- Your instructions -
For this exercise, repeat exactly the lines below starting at the line holding "How to Make DIY Stained Wooden Animals" and ending at the line holding "Gent's History of Hull 1869 Edition", both included, with no extra lines and no pictures.

- The data -
-- Opening Marker --

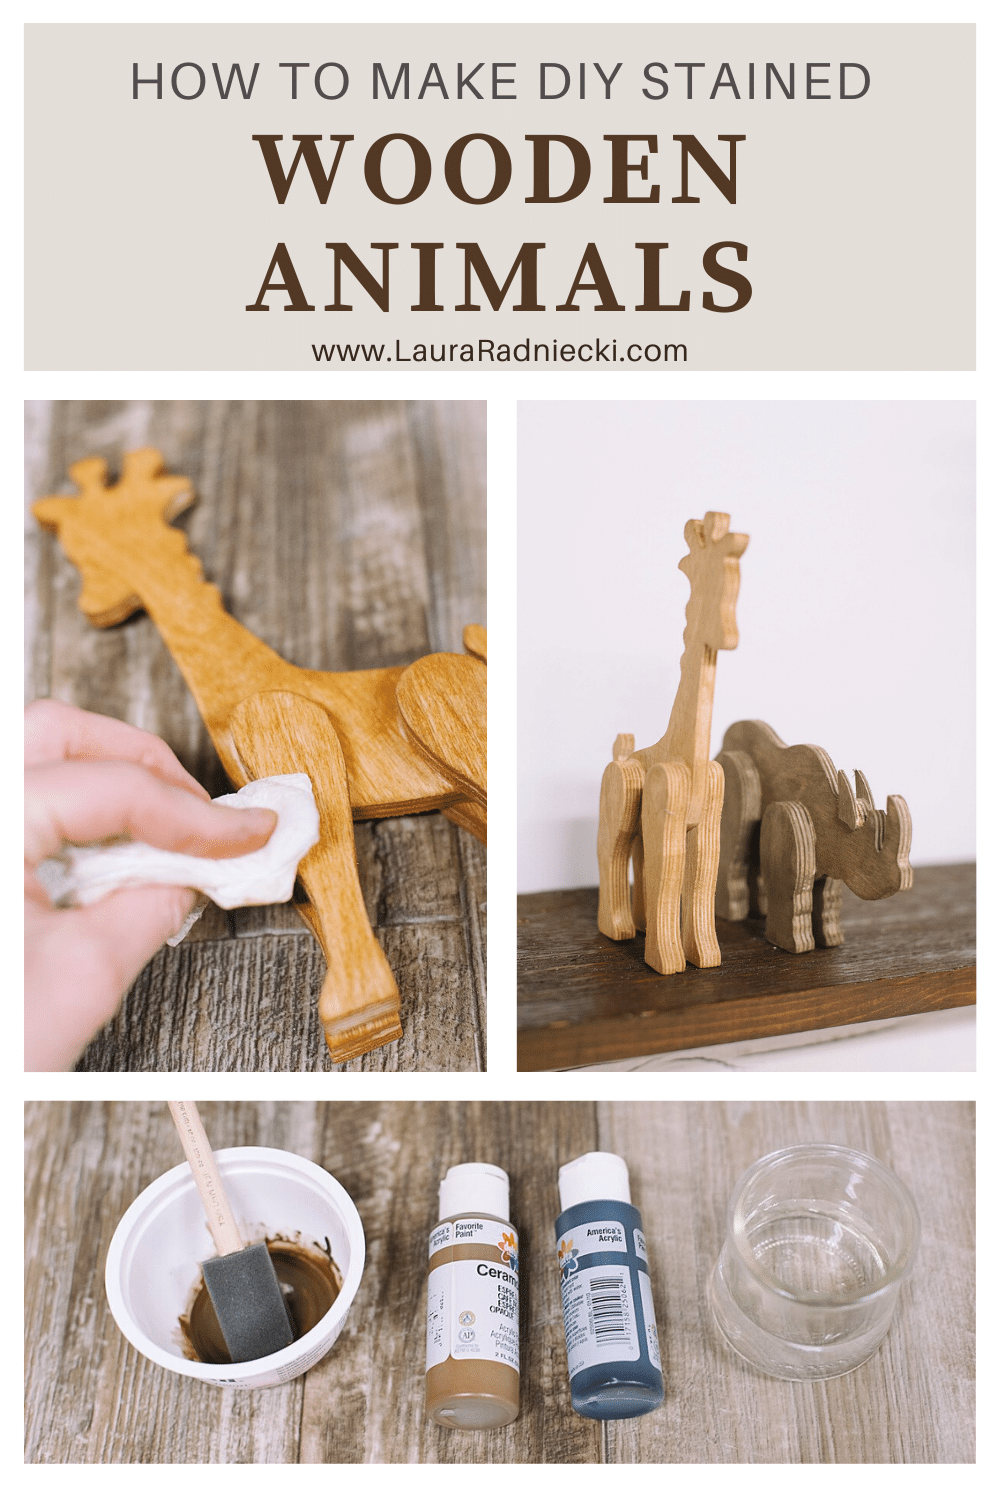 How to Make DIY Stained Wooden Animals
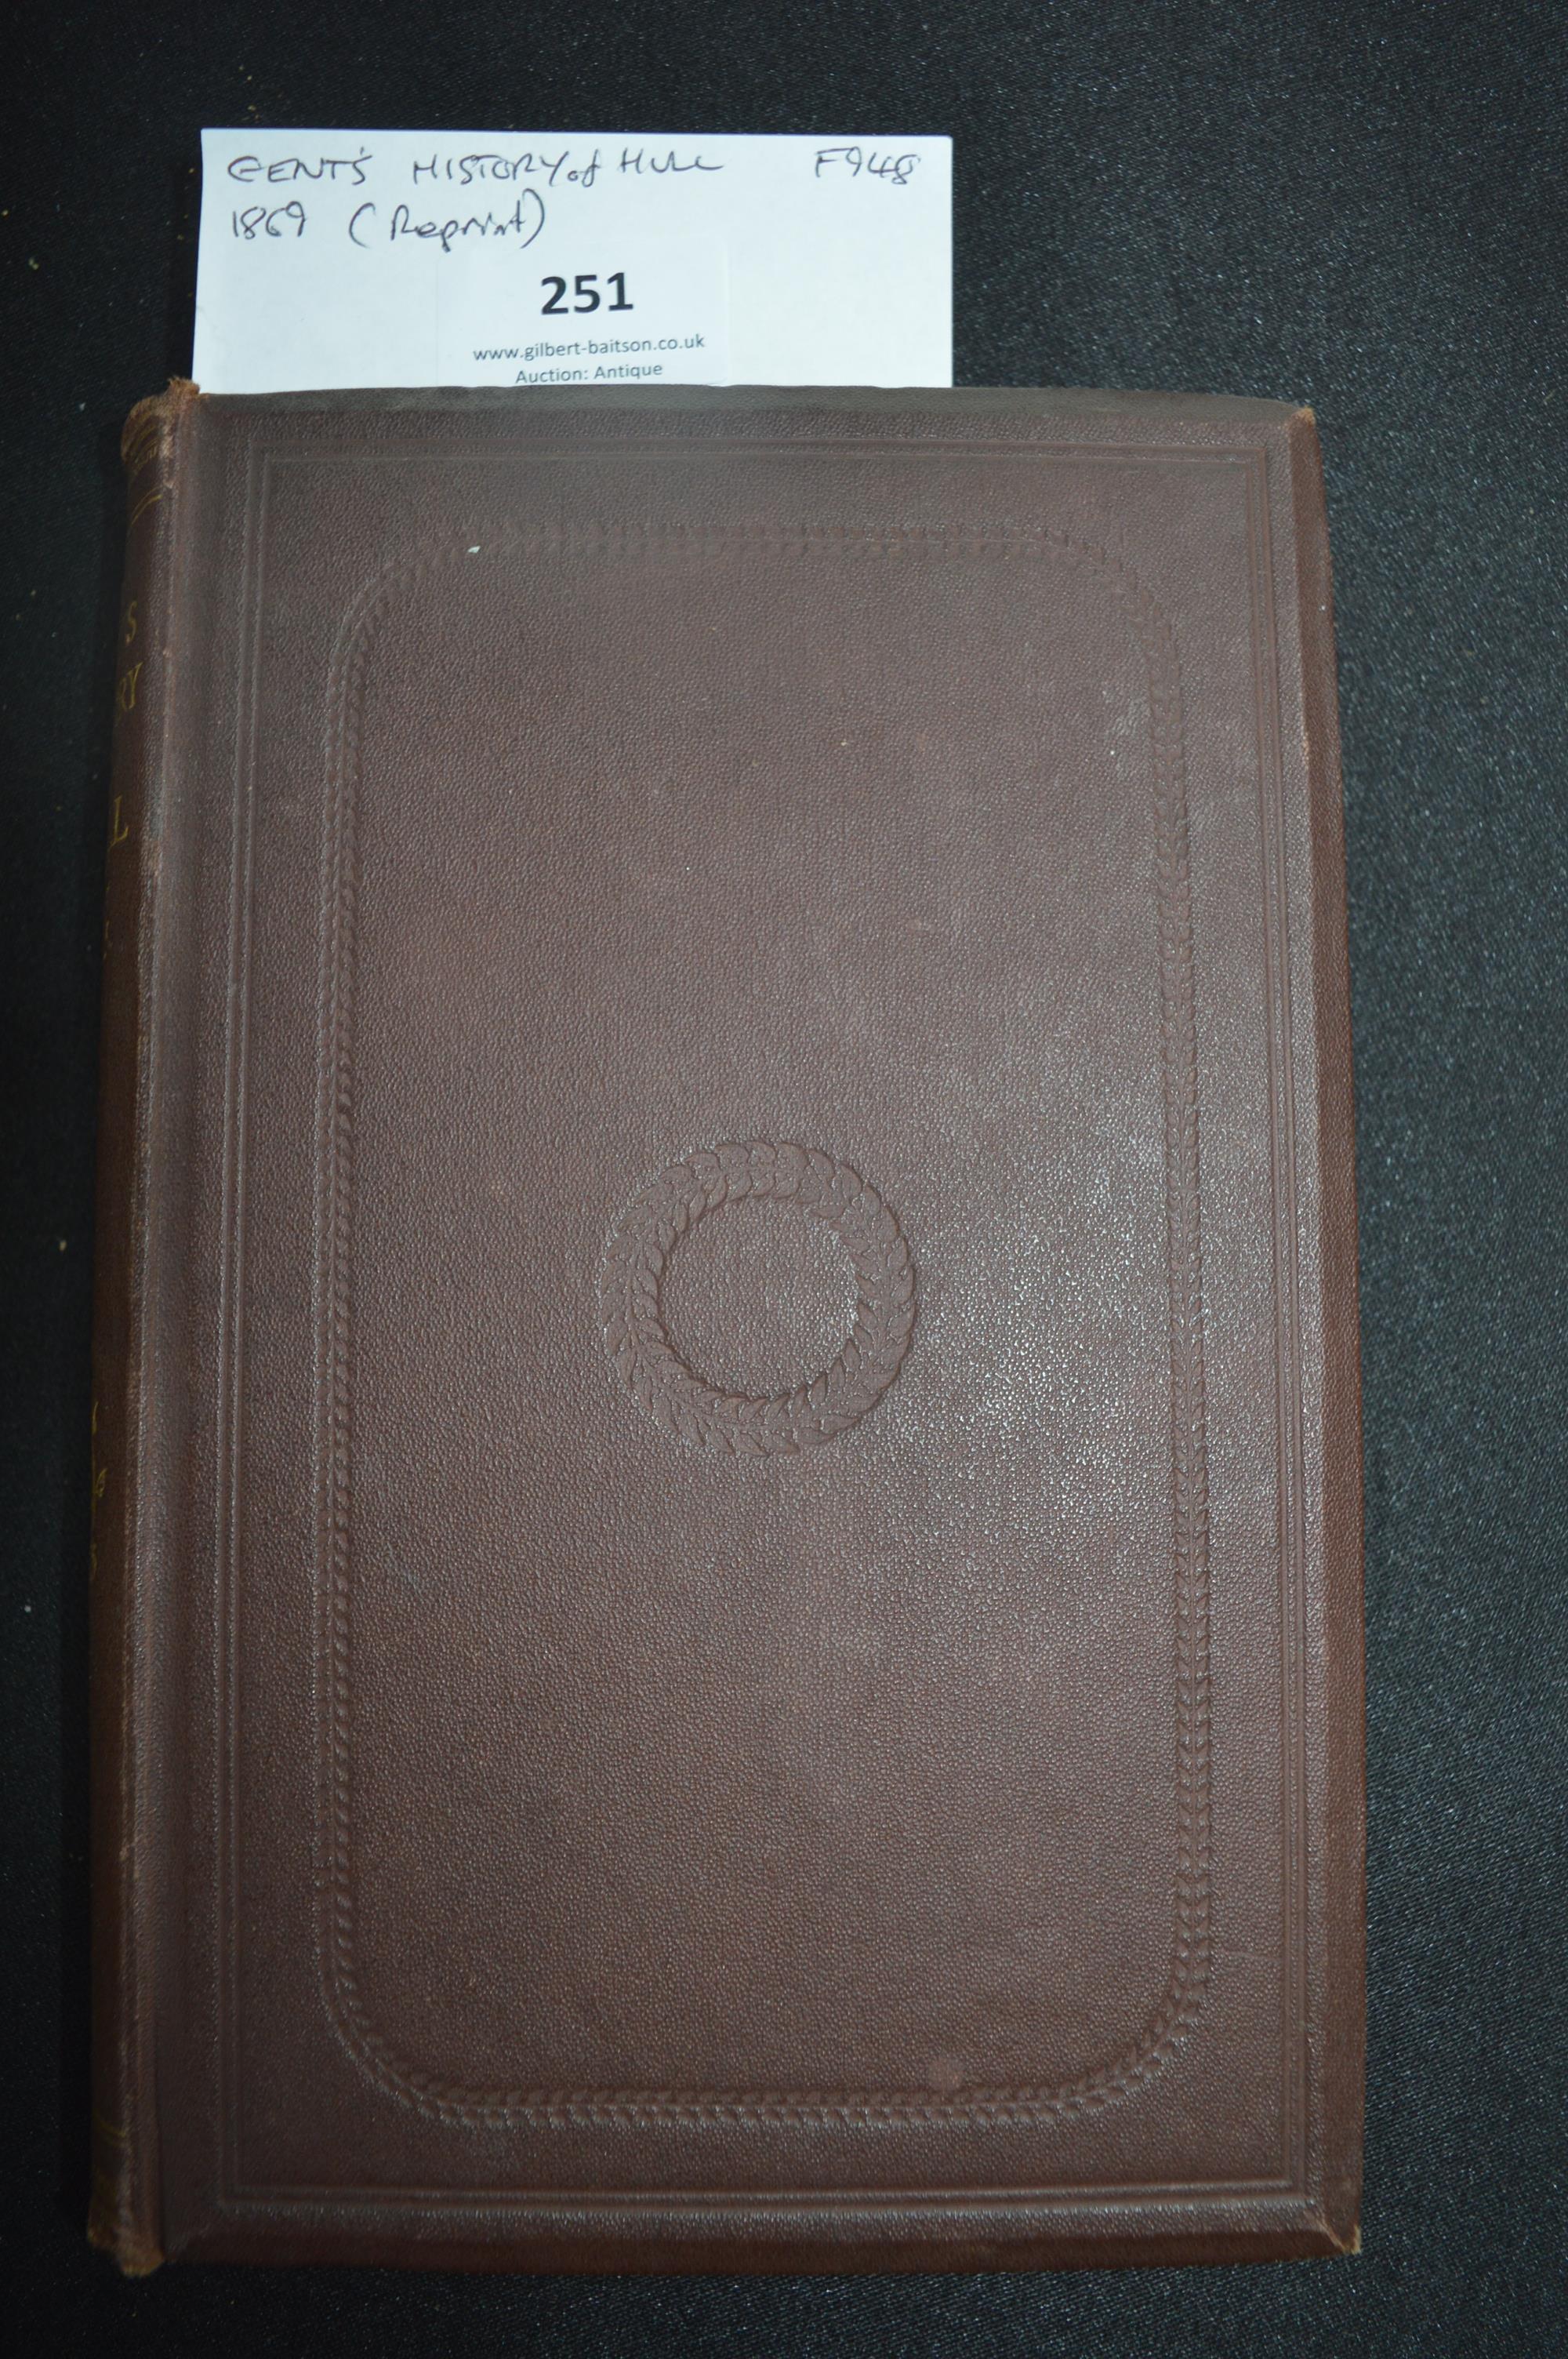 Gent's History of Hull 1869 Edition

-- Closing Marker --
-- Opening Marker --

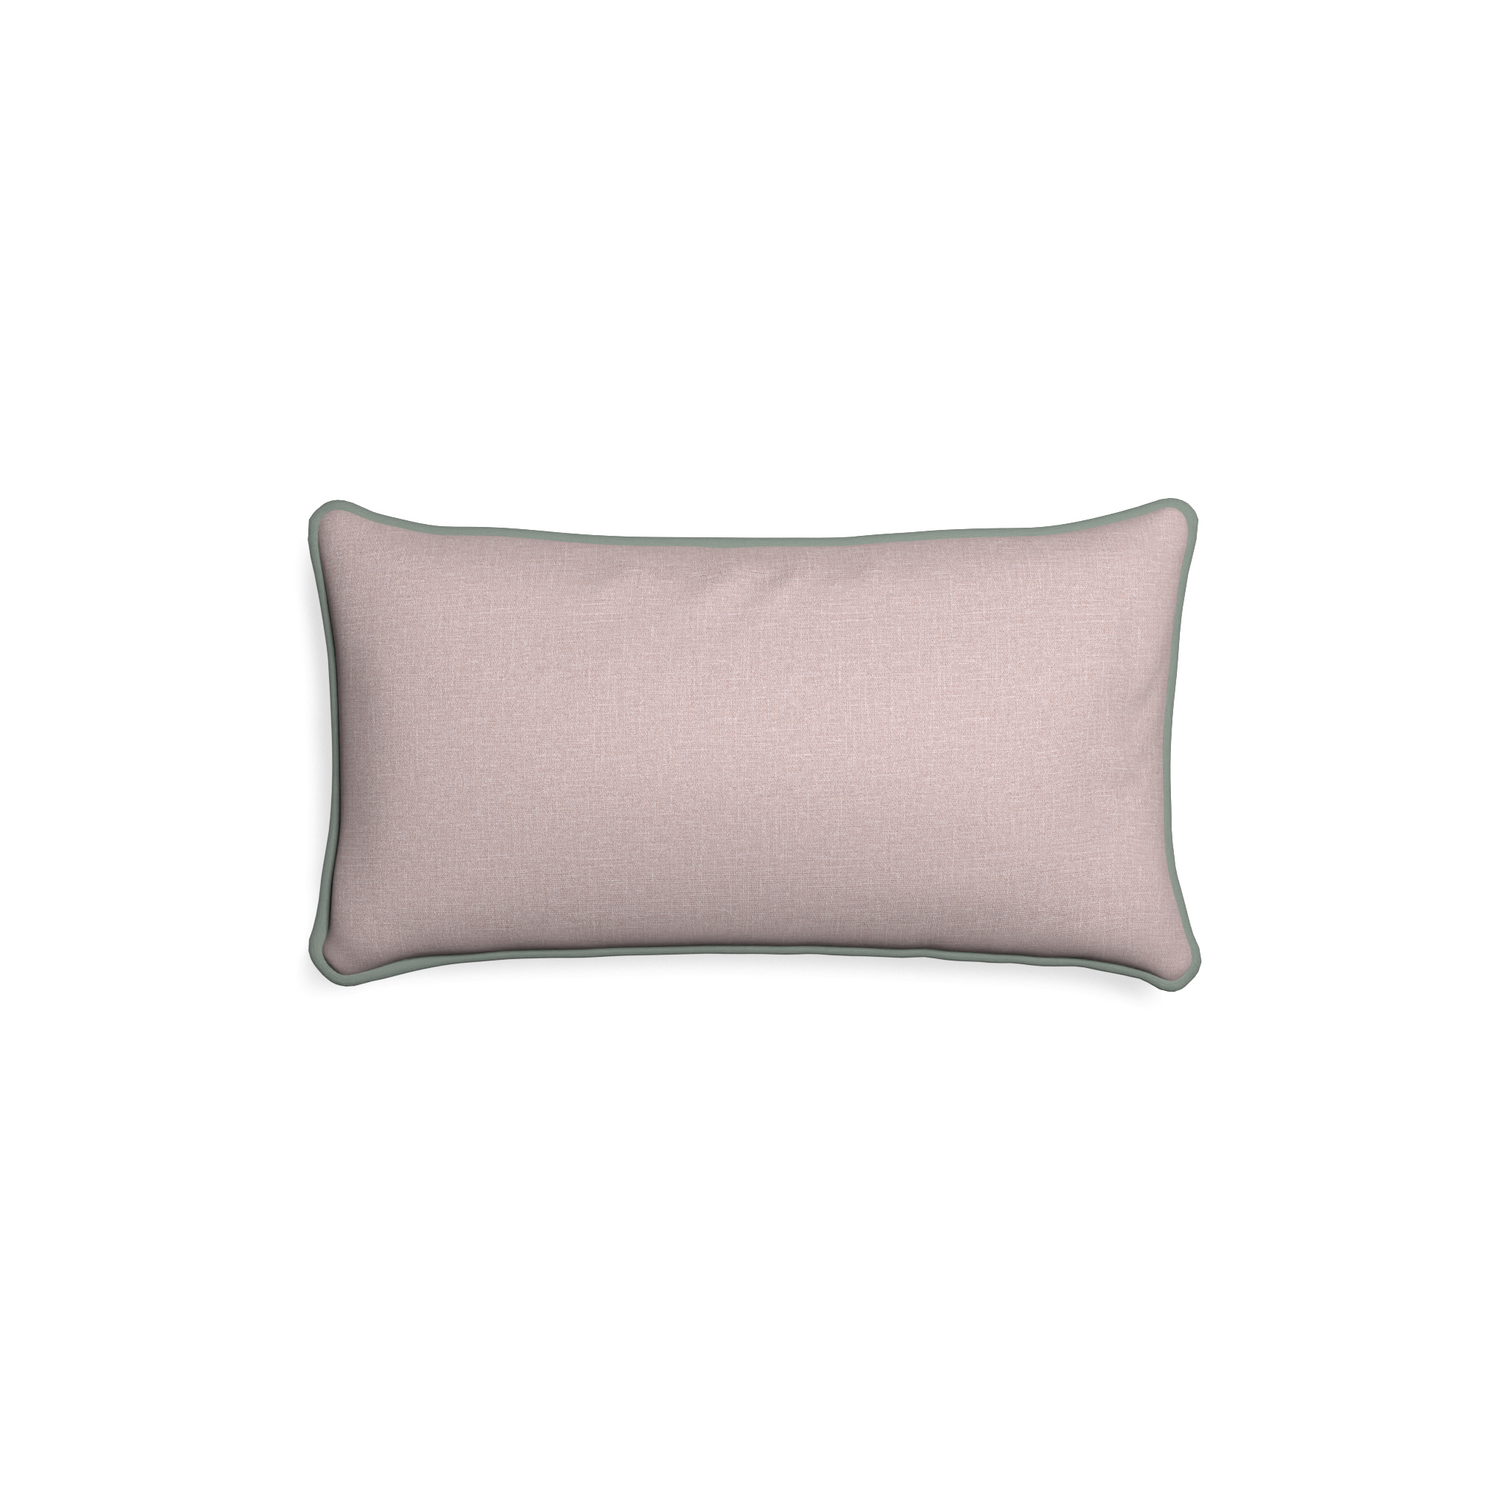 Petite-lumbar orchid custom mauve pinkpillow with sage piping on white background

-- Closing Marker --

- Solution for this task -
 How to Make DIY Stained Wooden Animals
 Gent's History of Hull 1869 Edition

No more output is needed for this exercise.